Crown Point SHS is both a historical landmark and archeological site that was gifted to New York State in 1910 for preservation.  Based on the brochure/map we received, it is jointly managed by New York State Parks, Recreation, and Historic Preservation, and the New York Department of Environmental Conservation.

The main reason the site exists is the presence of the ruins of two military fortifications:  Fort St.
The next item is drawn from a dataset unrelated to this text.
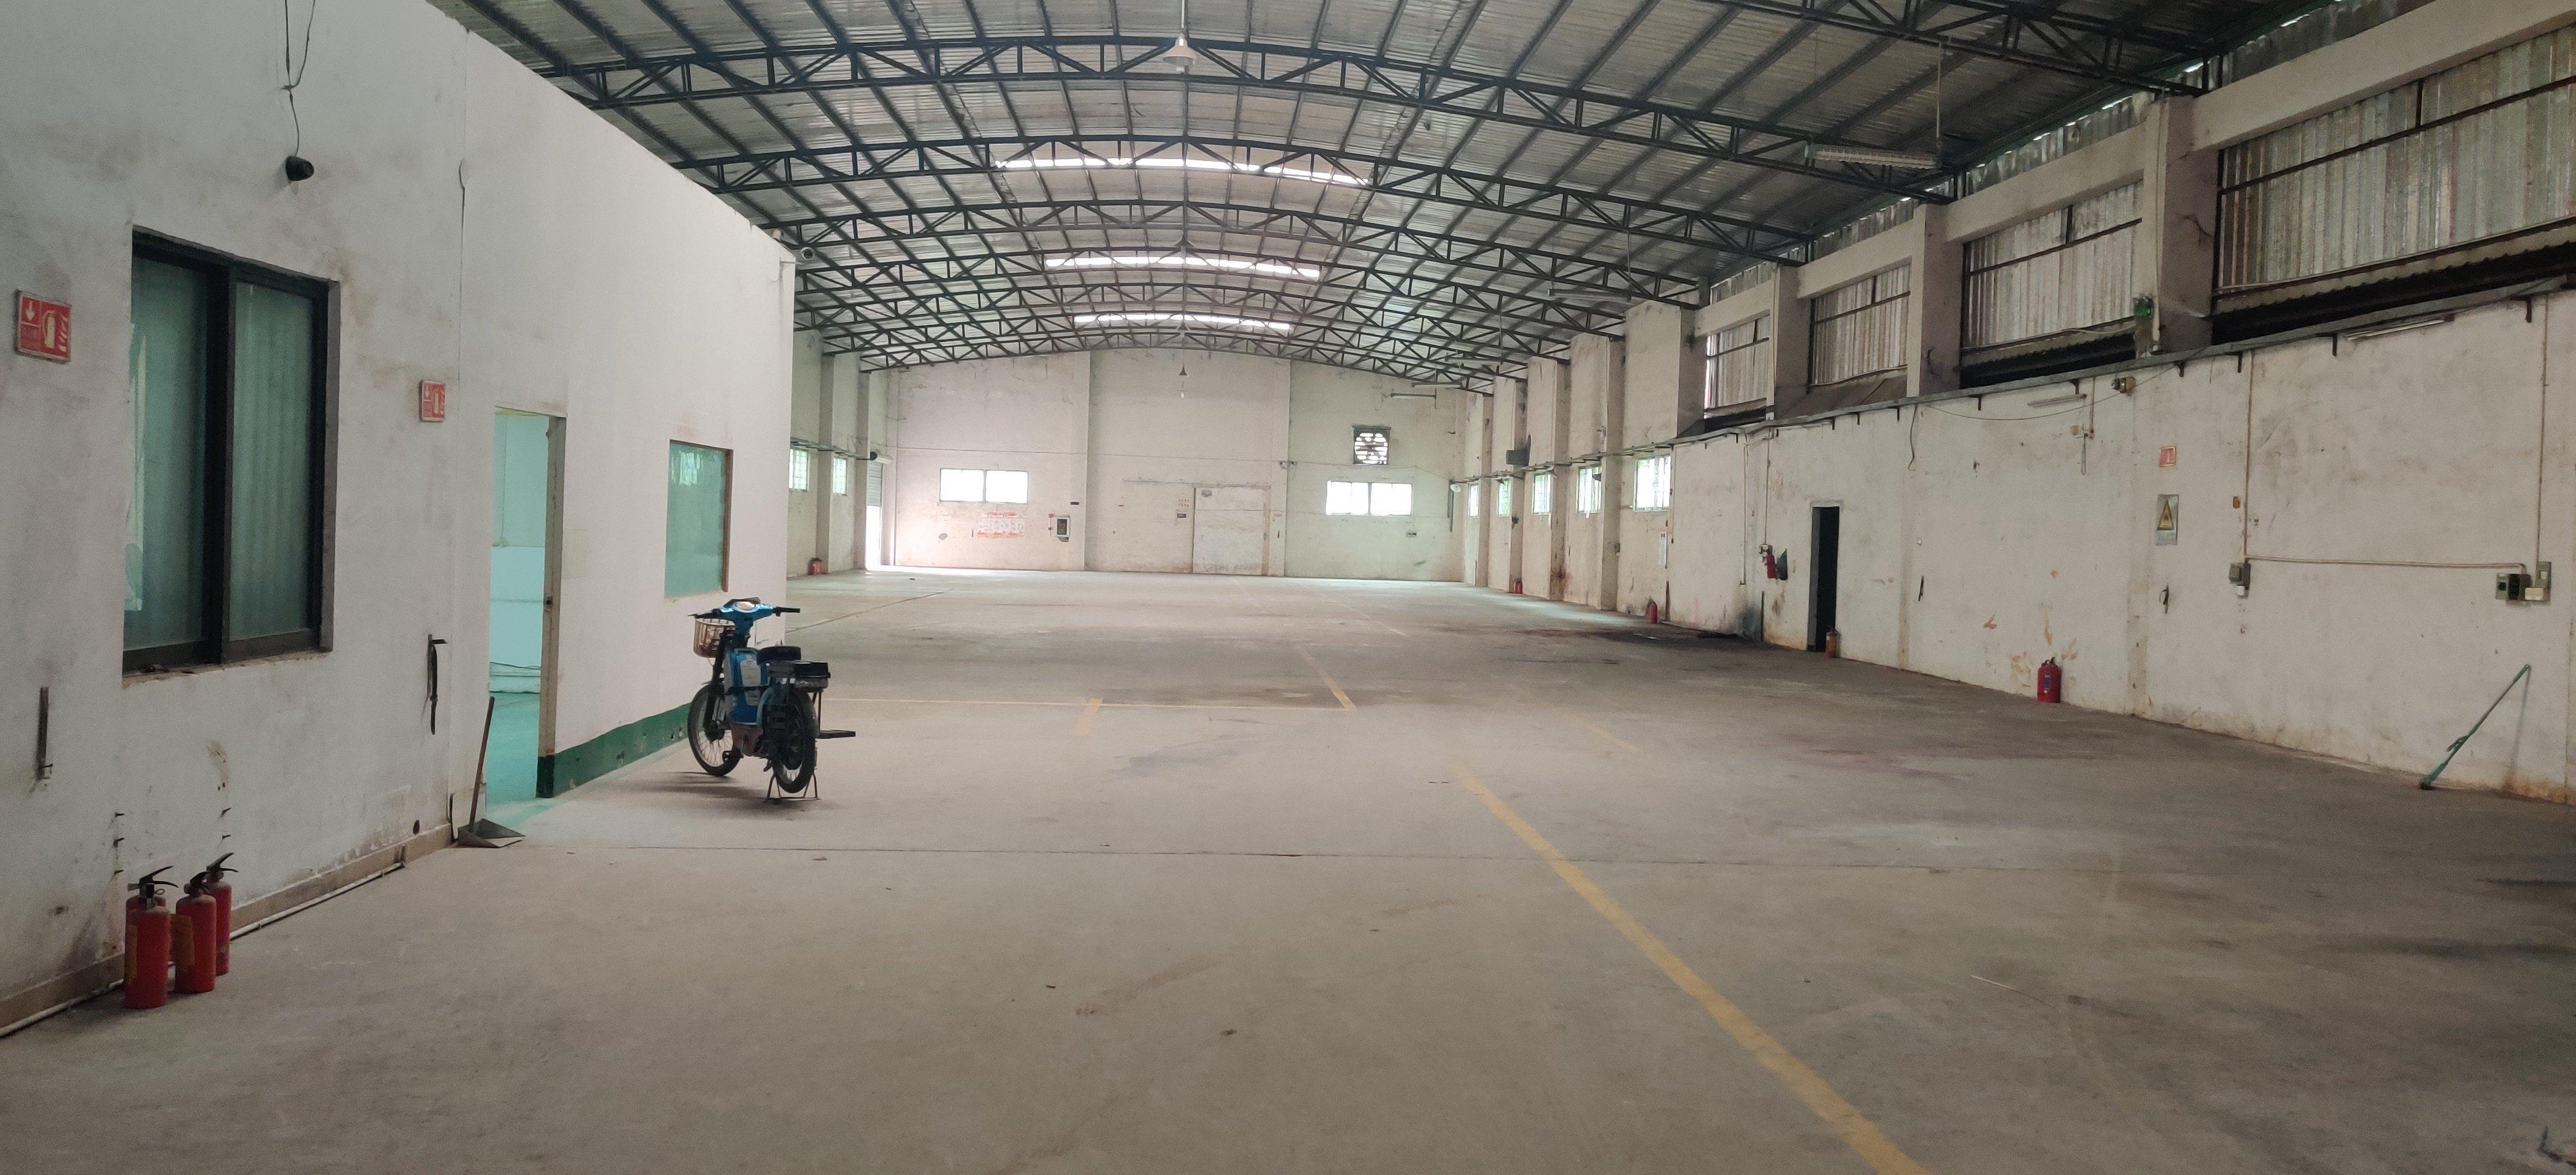 寮步镇出租单层钢构1800平方滴水7.5米

Frédéric (French; construction 1734–1737; occupation 1737–1759; destroyed and abandoned 1759), and His Majesty’s Fort of Crown Point (British; construction 1759–1763; occupation 1763–1775, 1776–

1783).  The site has a trail system that leads visitors to some of the outlying features, or just provides nice walking paths.  There is also a small museum building.  The site was free to enter, but the museum was $4 admission per person.  We skipped the museum, but not because of the cost.  The historical significance of this site, however, was older than just European powers vying for control of northeastern North America.  From the brochure/map:

“The Landscape before you has served as a boundary between cultures for hundreds of years.  It delineated territories between the Kanien Kehaka (Mohawk) Nation of the Haudenosaunee (Iroquois) Confederacy to the West and the Abenaki Nation of the Algonquian peoples to the East.

Samuel de Champlain was the first known European to travel this vast lake in 1609.  Waterways were the dominant transport routes in the seventeenth century, and command of this narrow channel could control trade and settlement between Montreal and New York City.  Since 1731, this area has been occupied by Indigenous, French, British, and Colonial forces all competing for strategic and commercial control of this corridor.”

I would add that the site occupies the northern tip of small peninsula with nice views of Lake Champlain, New York and Vermont.

Following are eight photos from our visit, all shot with the SONY SLT a99v (DSLR).  They are not a complete visual documentation, just a few photos that I liked.

Remnants of the double wall that outlined the French fort.  The grassy area in-between was a walkway known as a terreplein (pronounced ‘tear-a-plane’).

The circular brickworks were the bases of four bee hive bread ovens.  They had the capacity bake 900 loaves of bread every day.  The modern Lake Champlain Bridge in the background on the right.

Linda looks at a pile of rubble and the remains of walls that were the Tower Redoubt / Citadel in the north bastion of the French fort.  It had 12-foot-thick walls that were six stories high.

The west Bastion of the French fort.

Looking south through the entry to His Majesty’s Fort of Crown Point on the north wall of the fort.  The stone building on the far side of the parade ground was the ‘soldiers’ barracks (as opposed to the ‘officers’ barracks).

The soldiers’ barracks on the right (in shade) and the officers’ barracks (distant, in light).  The entry to the fort is to the left of the officers’ barracks.  The fort enclosed over seven acres, making it one of the largest forts built by the British in North America.

The stonework was very impressive.    According to the brochure/map, “It took more than 3,000 carpenters, masons, and soldiers four years to complete construction of the British fort.  Walls were constructed of squared logs that rose twenty-seven feet above the stone foundation.

The two stone columns and rubble lying along the west wall of the fort are the remnants of a second soldiers’ barracks that was never completed.  Part of Lake Champlain is visible, with some of New York’s Adirondack mountains beyond.  Crown Point is at the southernmost extent of the ‘wide’ portion of the Lake, which narrows at this point but extends farther south for a considerable distance to Whitehall, New York.  The Lake drains to the north via the Richelieu River which flows into the St. Lawrence River at Sorel-Tracy, Quebec, northeast and downstream of Montreal, Quebec.  The Champlain Canal connects the lake to the Hudson River to the south.